This summer, four high school students from Trinity Valley School interned at BRIT through our Junior Volunteer/Intern program. These students were given the task of applying their computer science background to the challenge of helping BRIT create a quick and easy way to determine the fullness of our herbarium cabinets. By better understanding the details of the capacity of the cabinets, BRIT will be able to strategically plan for future growth and management of the herbarium collections.
L to R: Ashia White, Kevin James, Jason Best, and Jacob Haydel
I worked with students Grace Beasley, Jacob Haydel, Kevin James, and Ashia White to explore the process of using computer vision technology to analyze images of the open cabinets. We set out to extract details of each cabinet’s structure and the height of each stack of specimens within the cubbies of the cabinet to determine how much space is available for use in the cabinets. The students also created a powerful graphical interface for visualizing the cabinet data once they are generated.
The students already had experience with Processing, a software platform which facilitates the creation of software with rich and dynamic user interfaces, so we chose this as our primary tool for the project. Fortunately, Processing also has a number of additional modules which helped the team manipulate and analyze the images. In particular we used two modules that are focused on computer vision technology: OpenCV and BoofCV.
The popular app FaceSwap involves similar technologies as those being used for this project. Photo credit: John Woods (Woodsie TV @ YouTube)
Computer vision technologies are used for many applications ranging from self-driving cars, to robotics, to entertainment, and much more. For our particular challenge, we used computer vision techniques to analyze the images of open cabinets to first find the boundaries of the cabinets and the cubbies, then to identify and measure the spaces that were filled with specimens. The computer vision modules provided all the tools we needed to do this, but we still had to experiment a lot to find the right combination of tools and methods to get consistent and accurate results. We haven’t yet found the perfect formula, but we are very close to a solution that we hope to start using soon.

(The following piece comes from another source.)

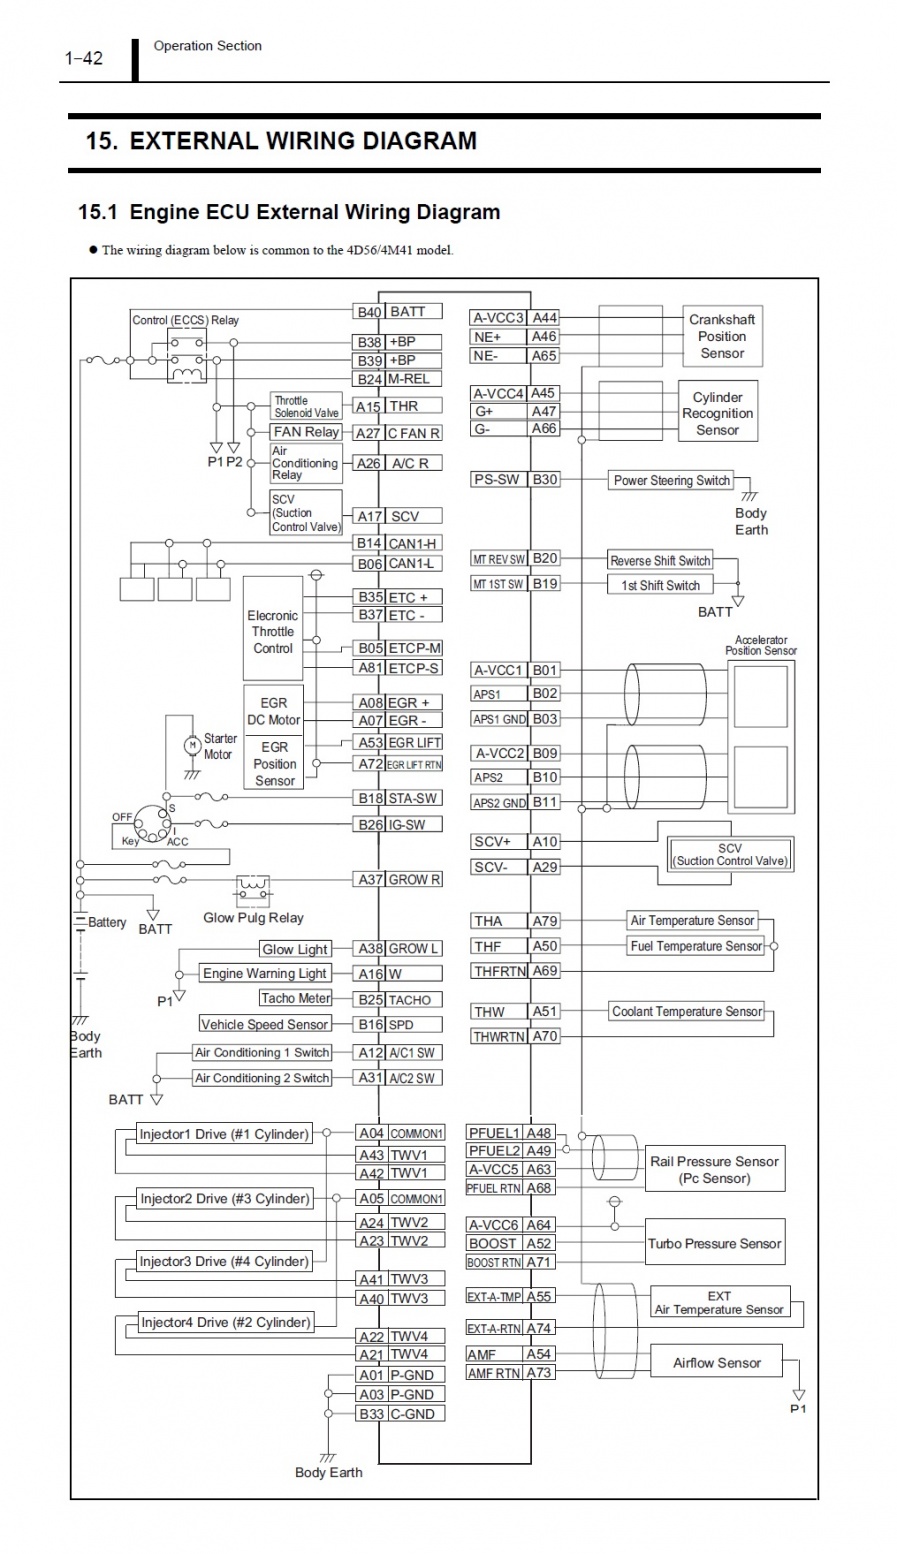 ชื่อ:  Engine ECU External Wiring Diagram.jpg
ครั้ง: 3377
ขนาด:  356.8 กิโลไบต์

To perform a full herbarium capacity analysis, we’ll need to capture an image of every cabinet in the herbarium (something we hope to recruit our loyal volunteers to help with), then process them with our computer vision solution. In the end, we’ll have a dataset with a record for each cubby and the percentage fullness of that cubby, as well as a total fullness percentage of each cabinet. With those data, we’ll have a much better idea of how much room we have to grow and how to strategically organize our collection to more easily adopt orphaned collections. To better understand this huge amount of data, the team also created a graphical interface that helps visualize the data in a more intuitive format. In particular, we created a herbarium “heat-map” using Processing which can read all the capacity data and superimpose color-coded cabinets on a herbarium map (pictured below). The interface also lets you click on a cabinet and see the details of each cubby and eventually we’ll combine this with the herbarium inventory data to let you see what species are in the cabinet.
A heat-map of the BRIT herbarium showing cabinet fullness. This was created in Processing and uses simulated data, but the interface itself is fully functional.

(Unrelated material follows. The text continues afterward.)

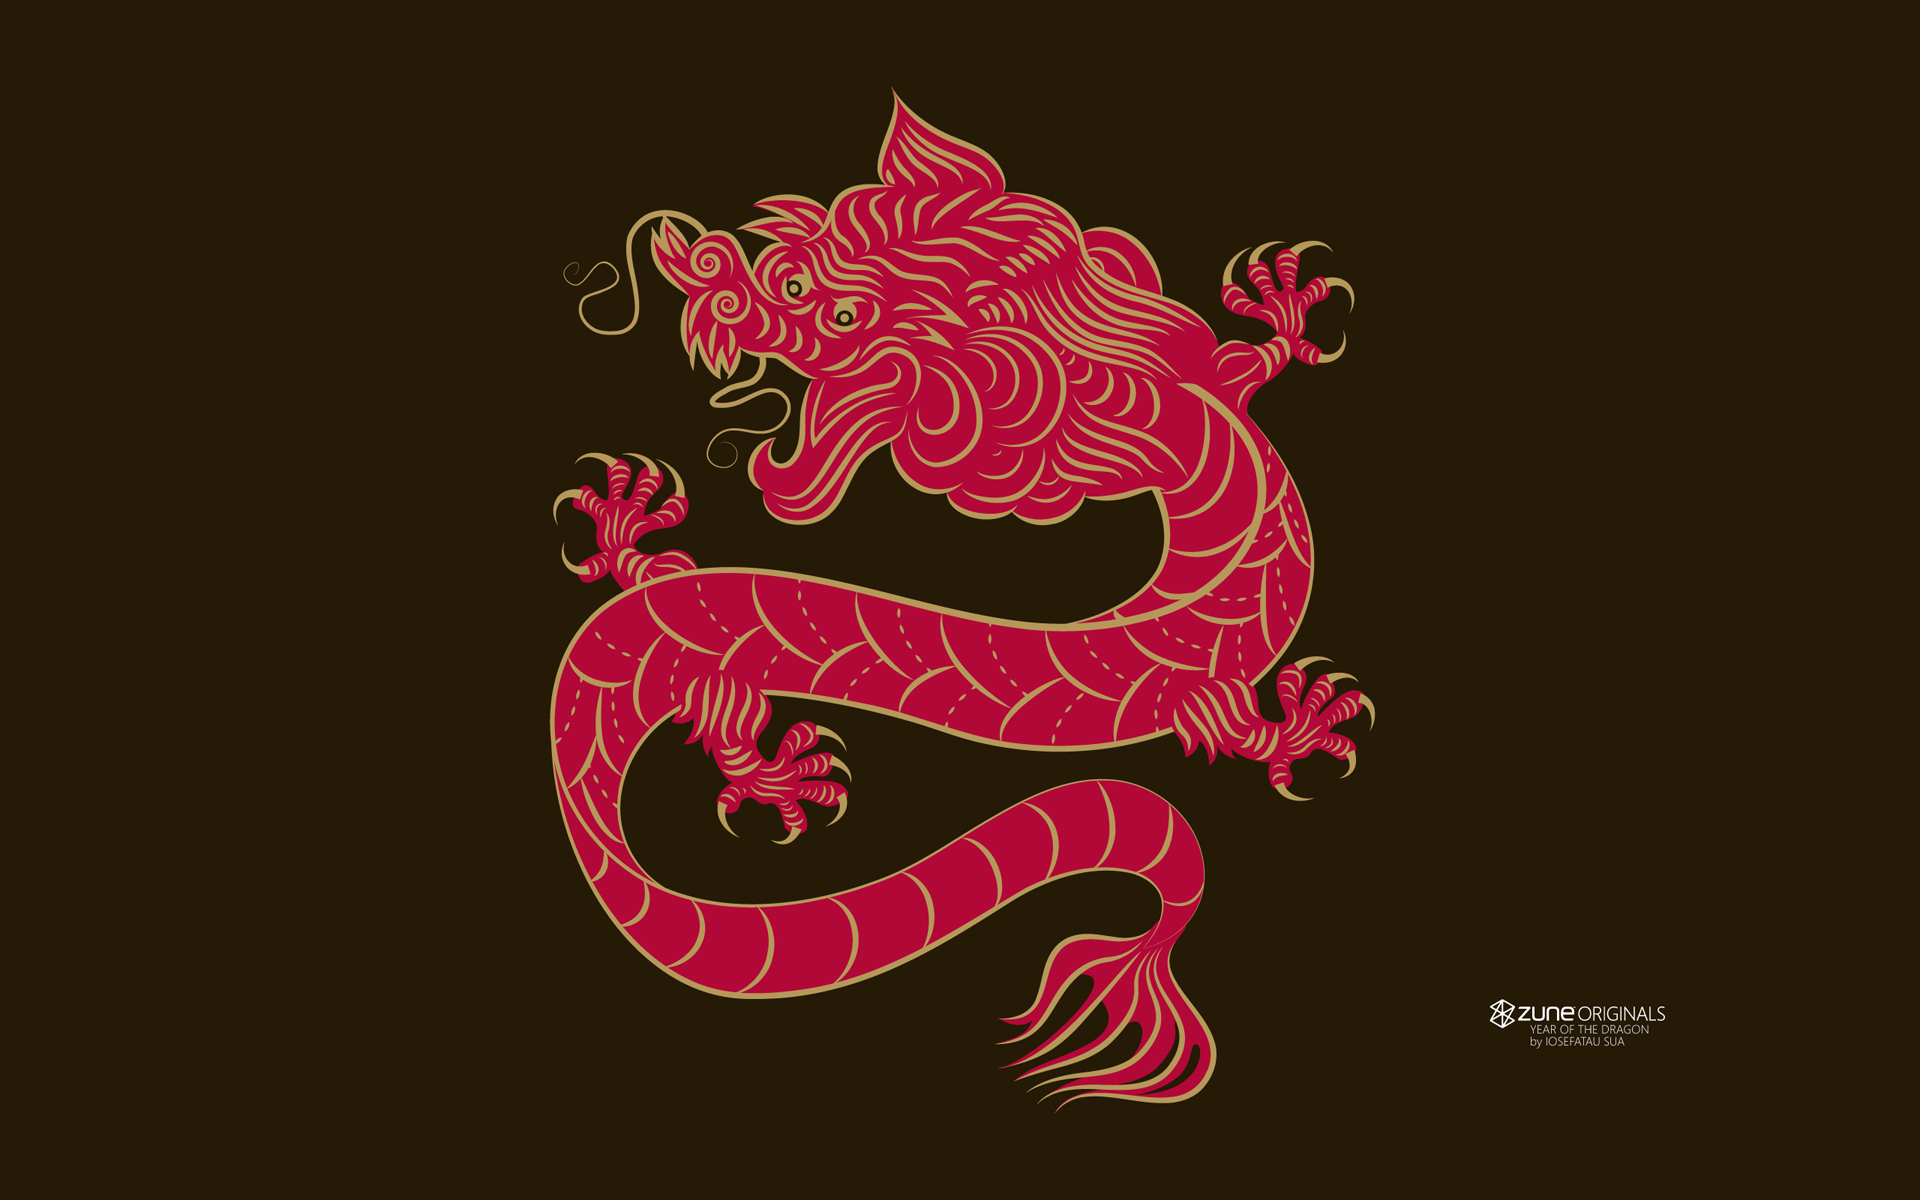 Chinese Horoscope Wallpaper
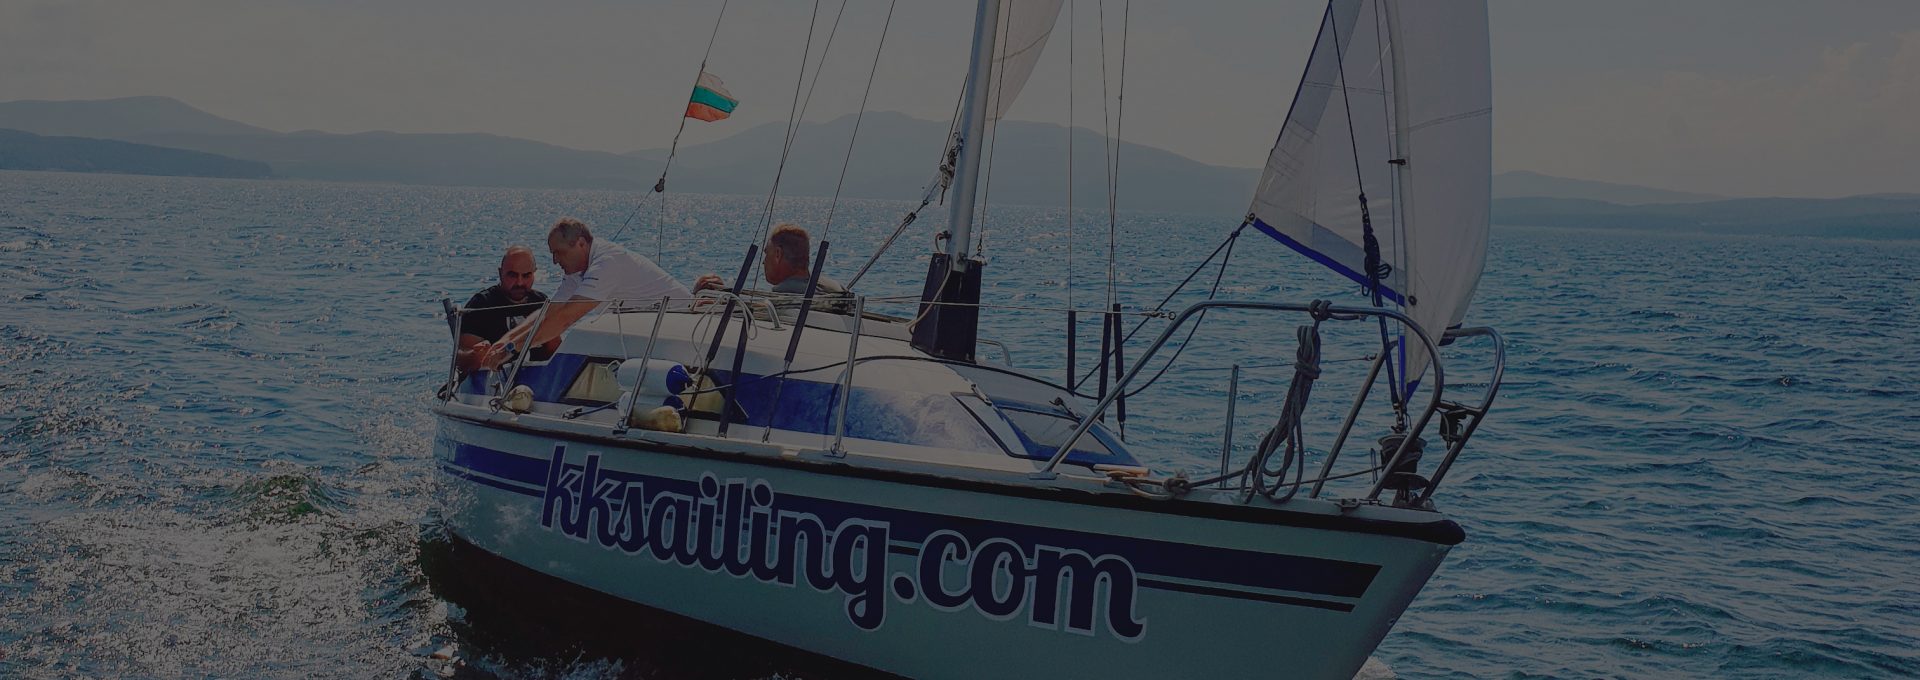 KK Sailing

The project still has a ways to go before we have a final, polished tool ready for use by the herbarium, but several of the students are eager to continue their efforts beyond the end of their summer break. Below, Jacob and Kevin share their summer experiences.

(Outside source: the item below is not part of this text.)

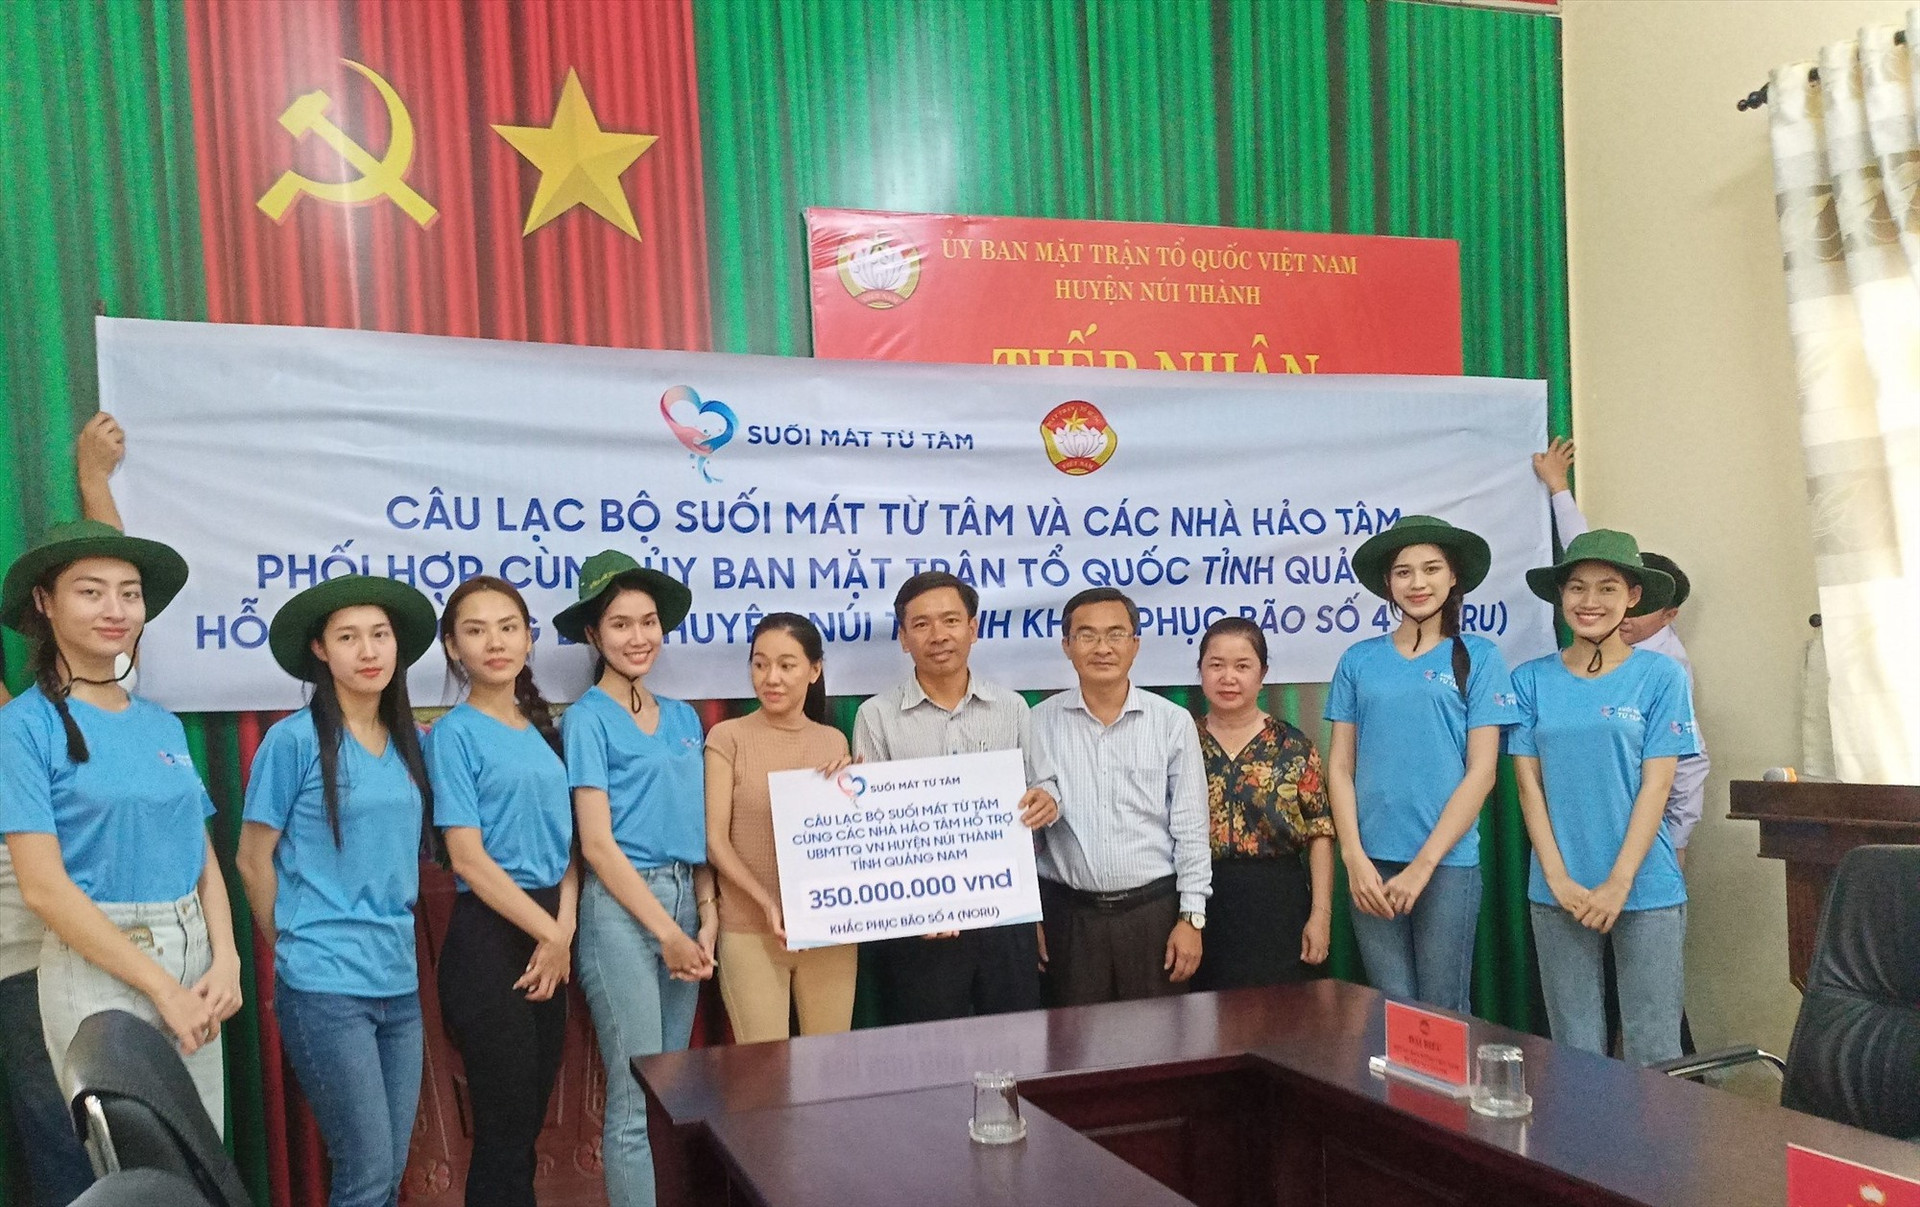 Câu lạc bộ Suối Mát Từ Tâm còn trao cho Ủy ban MTTQ Việt Nam huyện Núi Thành 350 triệu đồng tiền mặt và nhiều nhu yếu phẩm

Going into this project for BRIT, I didn’t really know what to expect. I hadn’t really done any work with computer vision, but I was eager to get started. The main thing I have learned from the project is that programing as a team is very different from working on an individual project. When working as a team you have to make sure everyone is on the same page and agrees on the direction the project should go. I also learned a lot about the problems that face BRIT in the digitization process. Taking a written format and converting it to a digital one can be a very tedious process; however there are huge benefits to digitization.
Working on the program, at first we had a really simple goal, to figure out how full the cabinets were. As we progressed we slowly started adding other goals to our original goal and expanded our idea of what this program could do. Despite this we were able to incorporate most of the ideas we came up with, and I think when the final program is done it will be much better than we initially imagined. I have really enjoyed working on what I would consider my first real world project in programing. It has definitely solidified my desire to pursue computer science as a career.
Going into this project, I wasn’t too sure how we were going to approach a project on such a large scale as this one. To begin, we learned the basics of computer vision and data visualization. Over the summer, we mainly worked on the data visualization aspect of the project, using fake data to test our program. We now have a heat map of the BRIT Herbarium, as well as a program that lets us view the fullness of individual cabinets. We hope to continue to expand this program, and we also hope to find a reliable method to obtain accurate data from the herbarium.
Our group faced the challenges that come with working on such large code as a team. This included changing specific parts of the code without unintentionally altering the entire program. We eventually learned how to work together more efficiently, and we managed to make a working program to display our herbarium data. This project was a very rewarding experience for me because I got an opportunity to use my computer skills in the real world.